Task description: Write out, word for word and with no pictures, each line below from the one containing "Fact Sheet: Intel" through the one containing "#criticalcare #eyetreatment #gynecologist", both included, and no other line.

Records provided:
[Start of section]

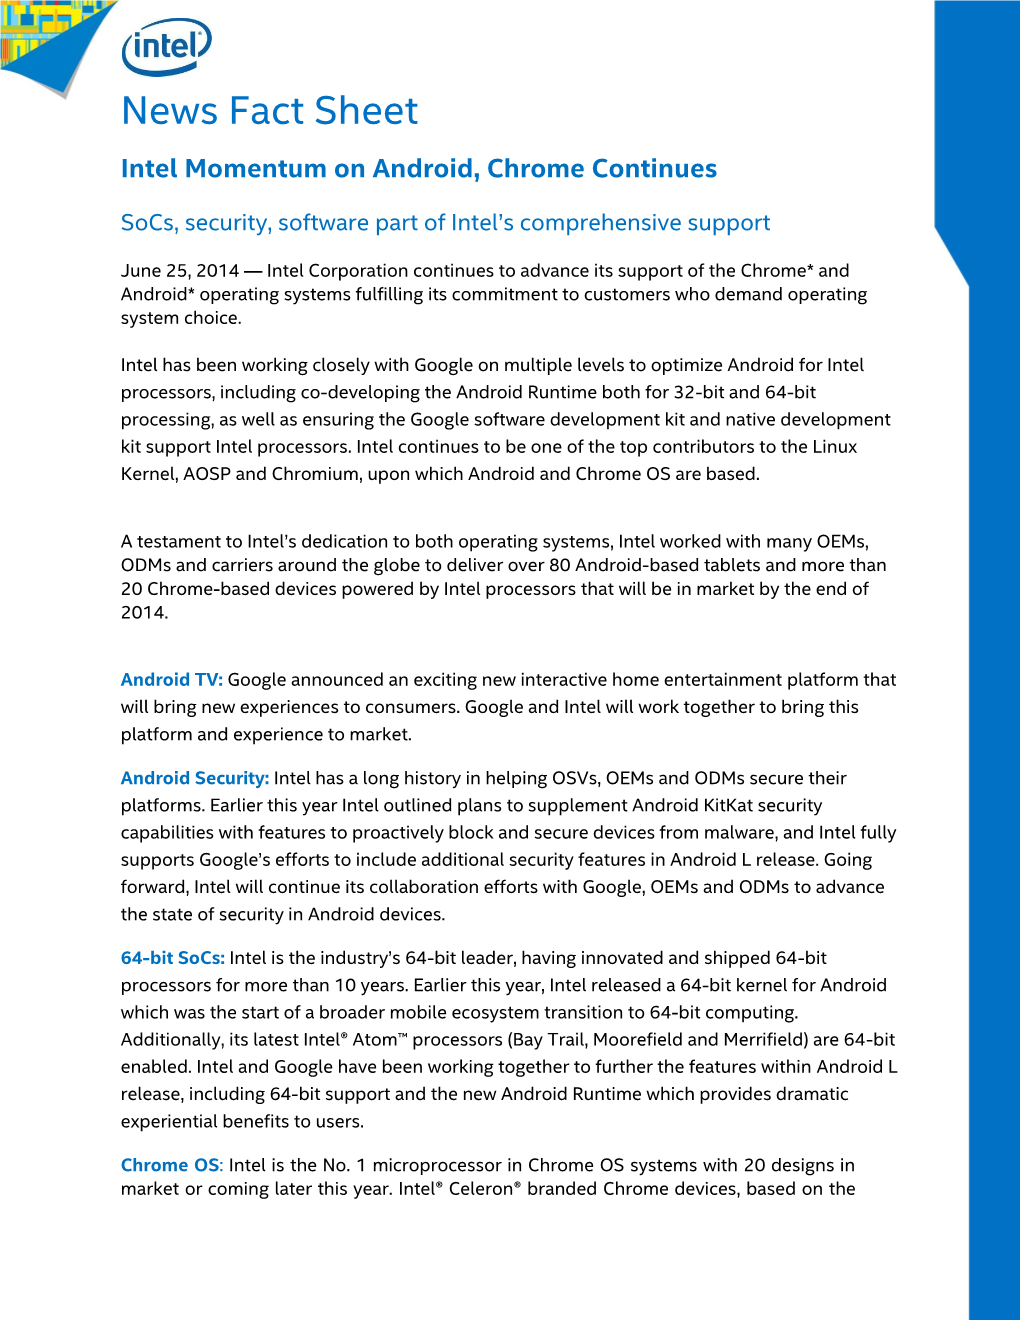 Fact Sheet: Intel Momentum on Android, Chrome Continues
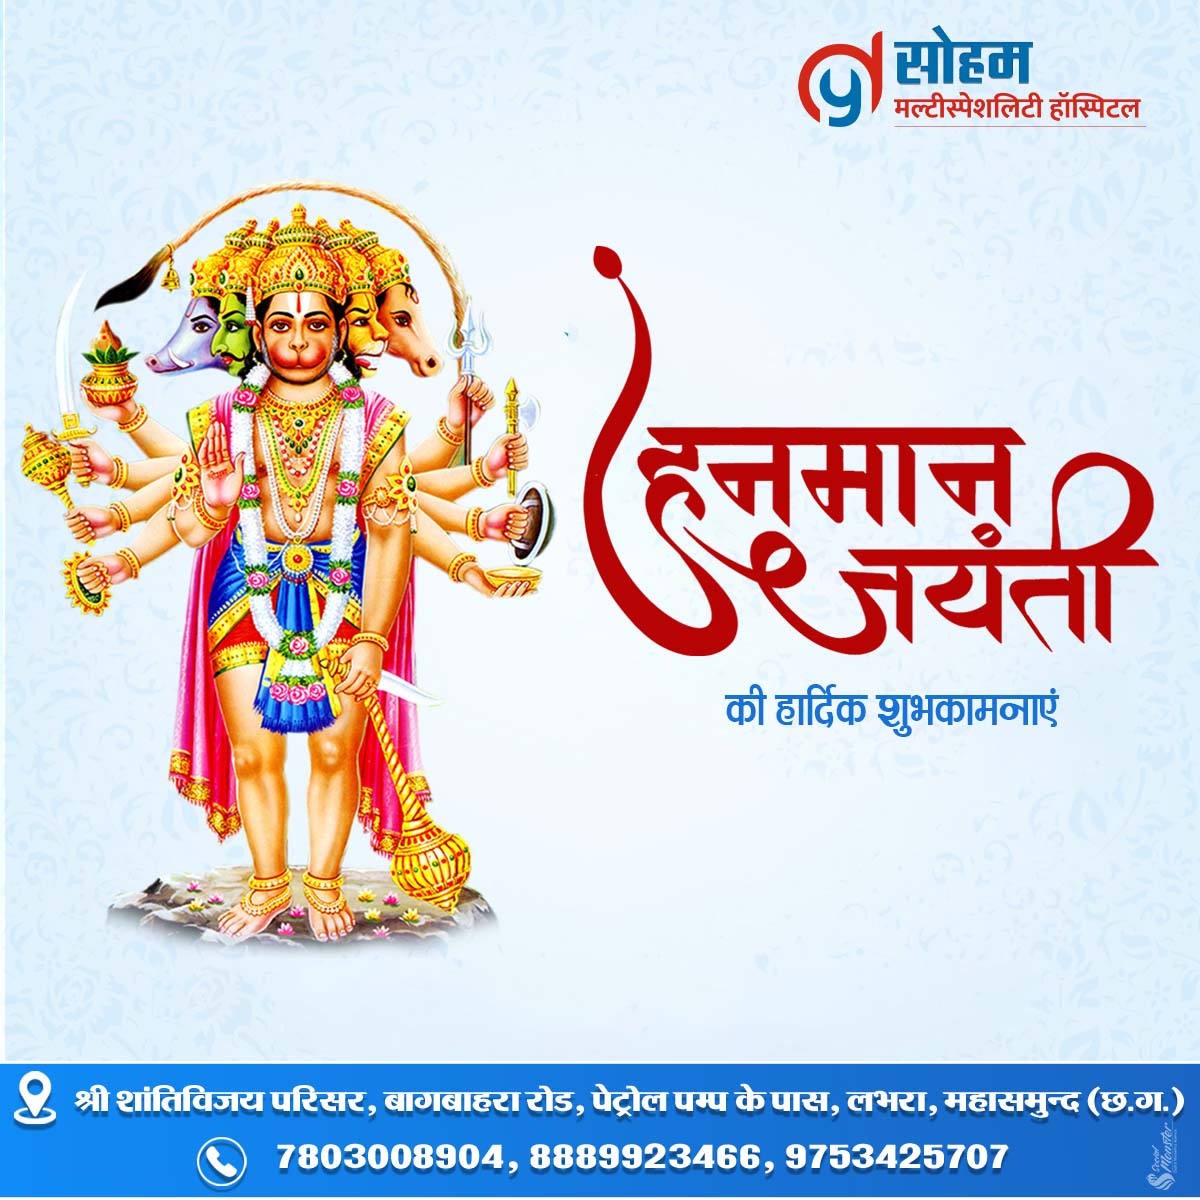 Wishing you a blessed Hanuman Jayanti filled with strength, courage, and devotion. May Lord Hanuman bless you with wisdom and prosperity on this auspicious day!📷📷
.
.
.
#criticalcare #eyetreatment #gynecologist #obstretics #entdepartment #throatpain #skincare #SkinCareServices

[End of section]
[Start of section]

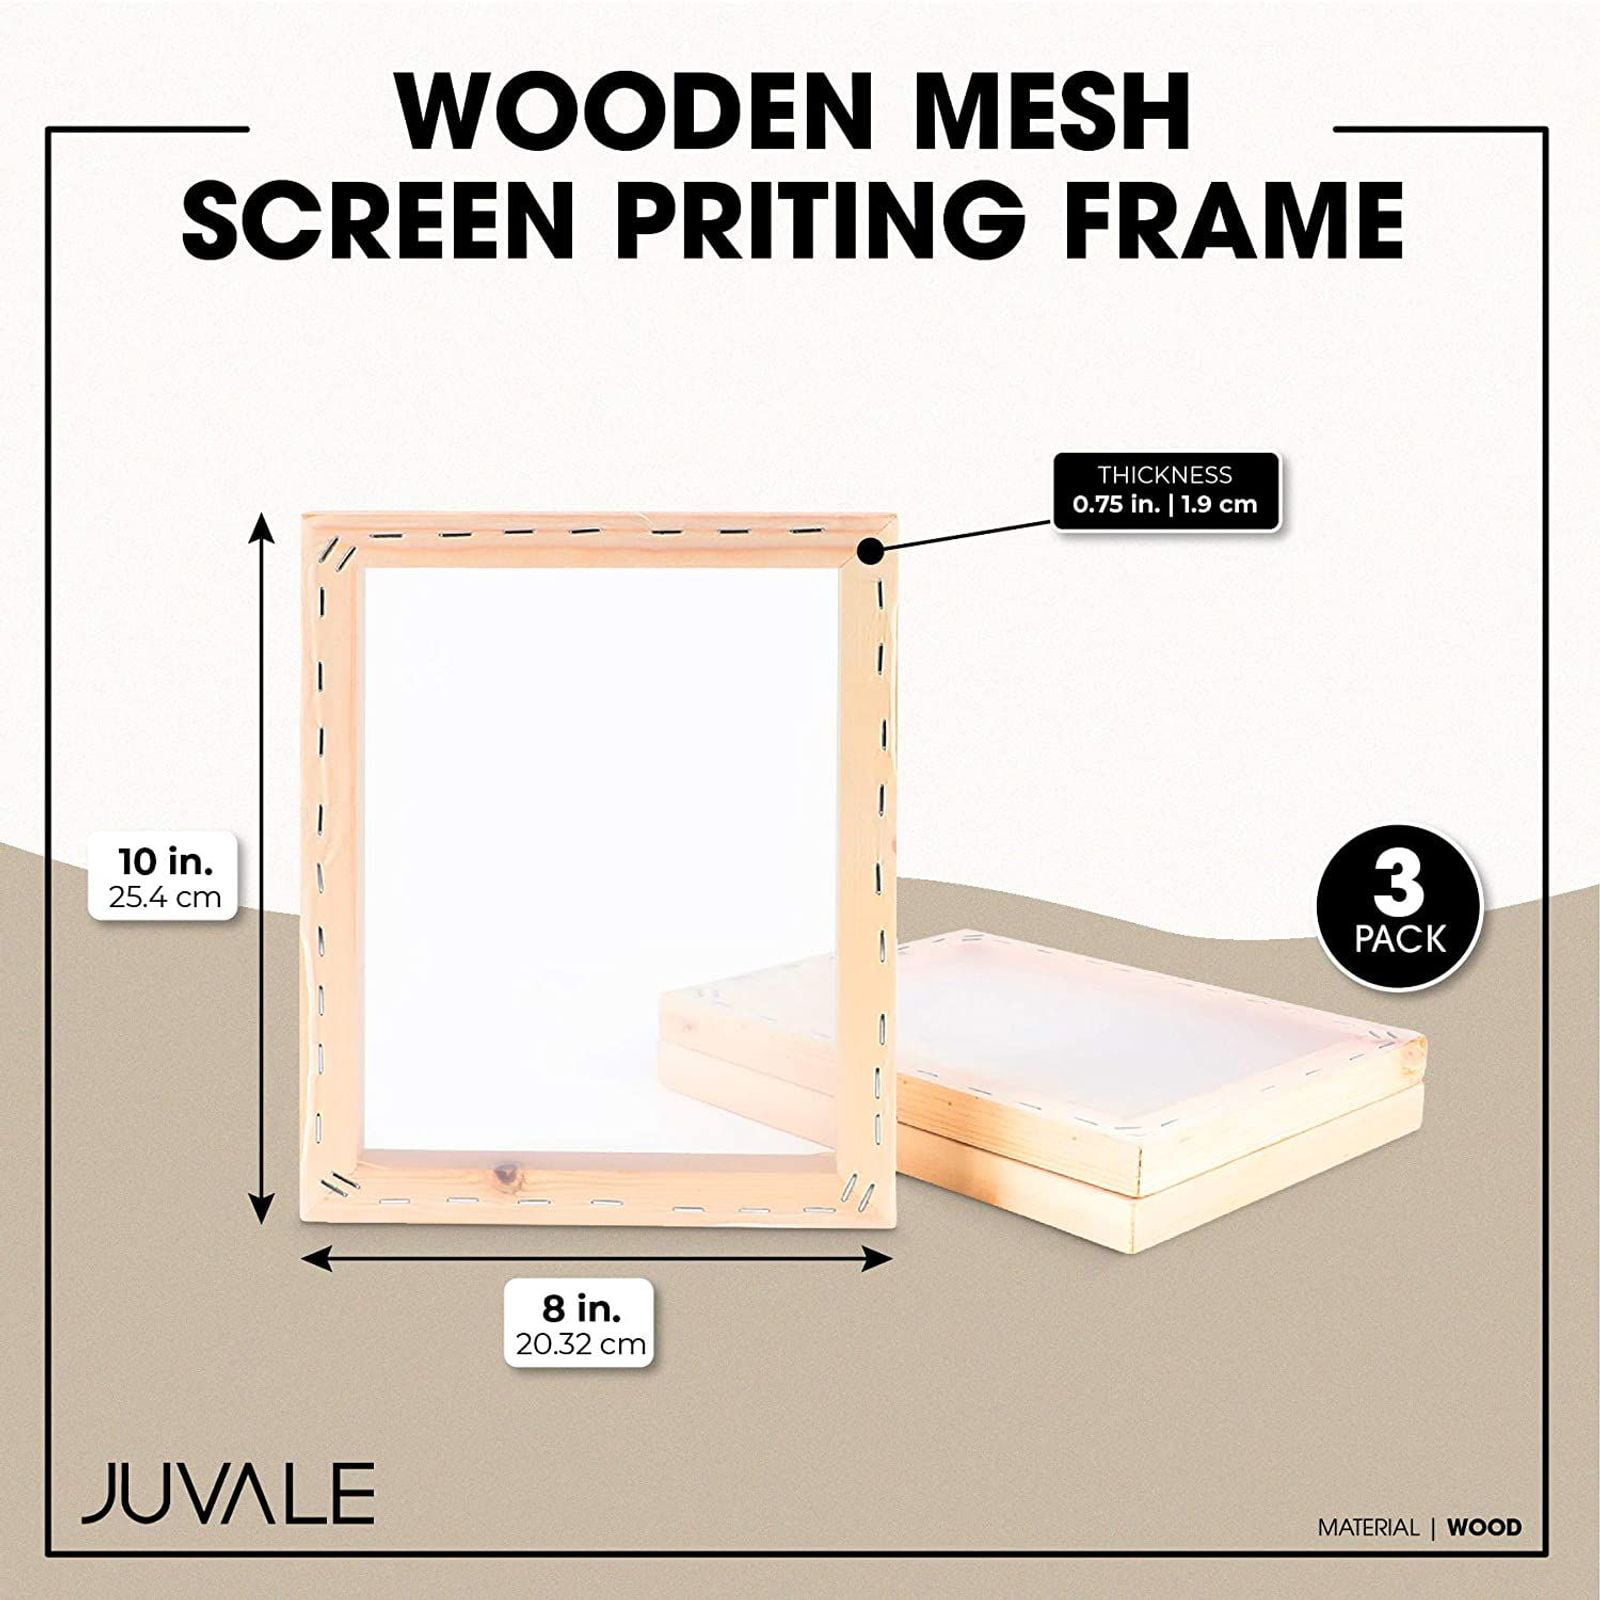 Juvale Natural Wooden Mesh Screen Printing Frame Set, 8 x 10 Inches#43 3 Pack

[End of section]
[Start of section]

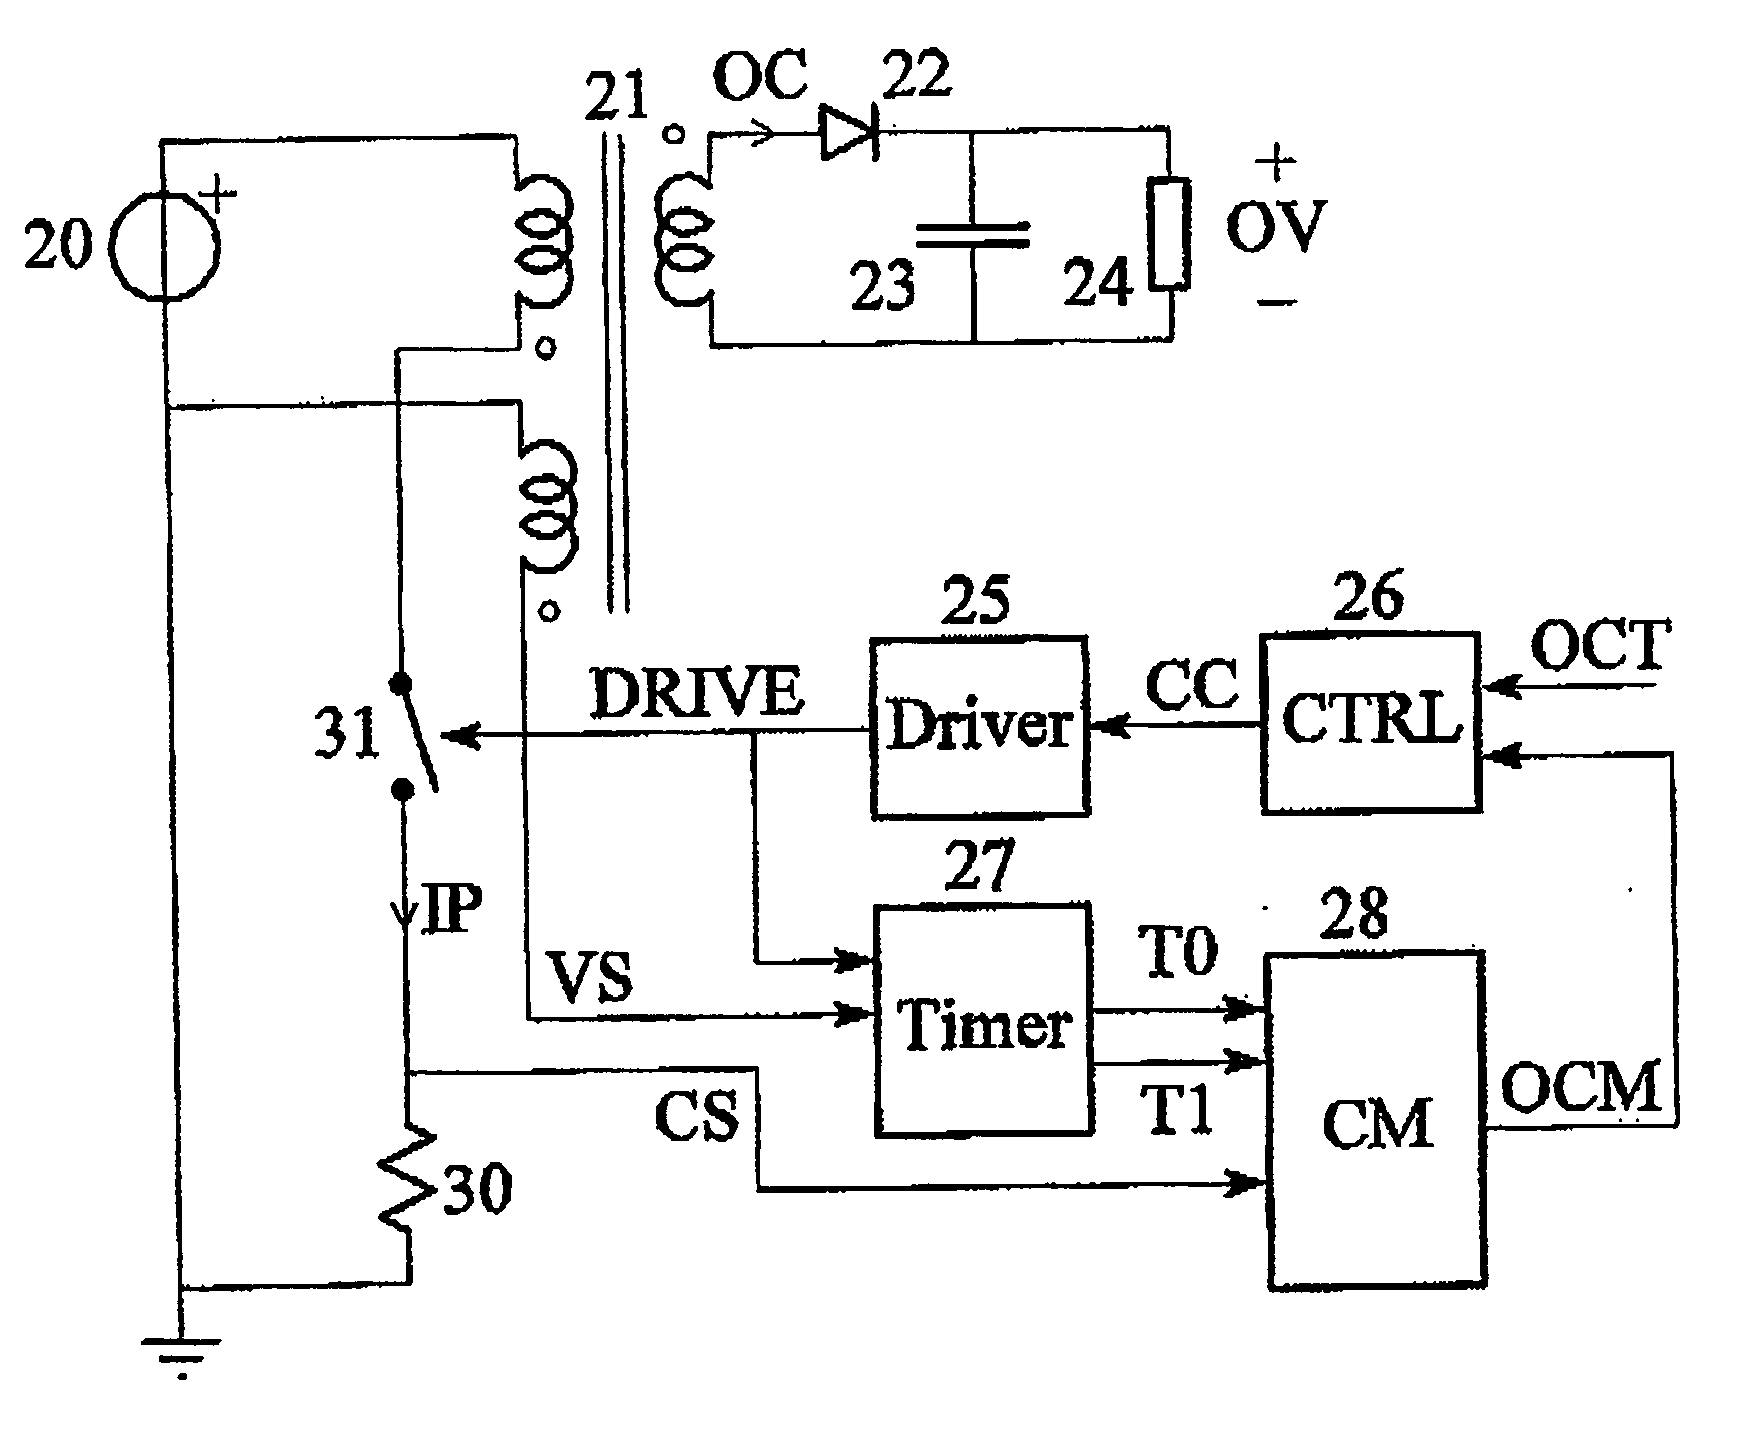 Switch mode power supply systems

[End of section]

Finished task:
 Fact Sheet: Intel Momentum on Android, Chrome Continues
 Wishing you a blessed Hanuman Jayanti filled with strength, courage, and devotion. May Lord Hanuman bless you with wisdom and prosperity on this auspicious day!📷📷
.
.
.
#criticalcare #eyetreatment #gynecologist #obstretics #entdepartment #throatpain #skincare #SkinCareServices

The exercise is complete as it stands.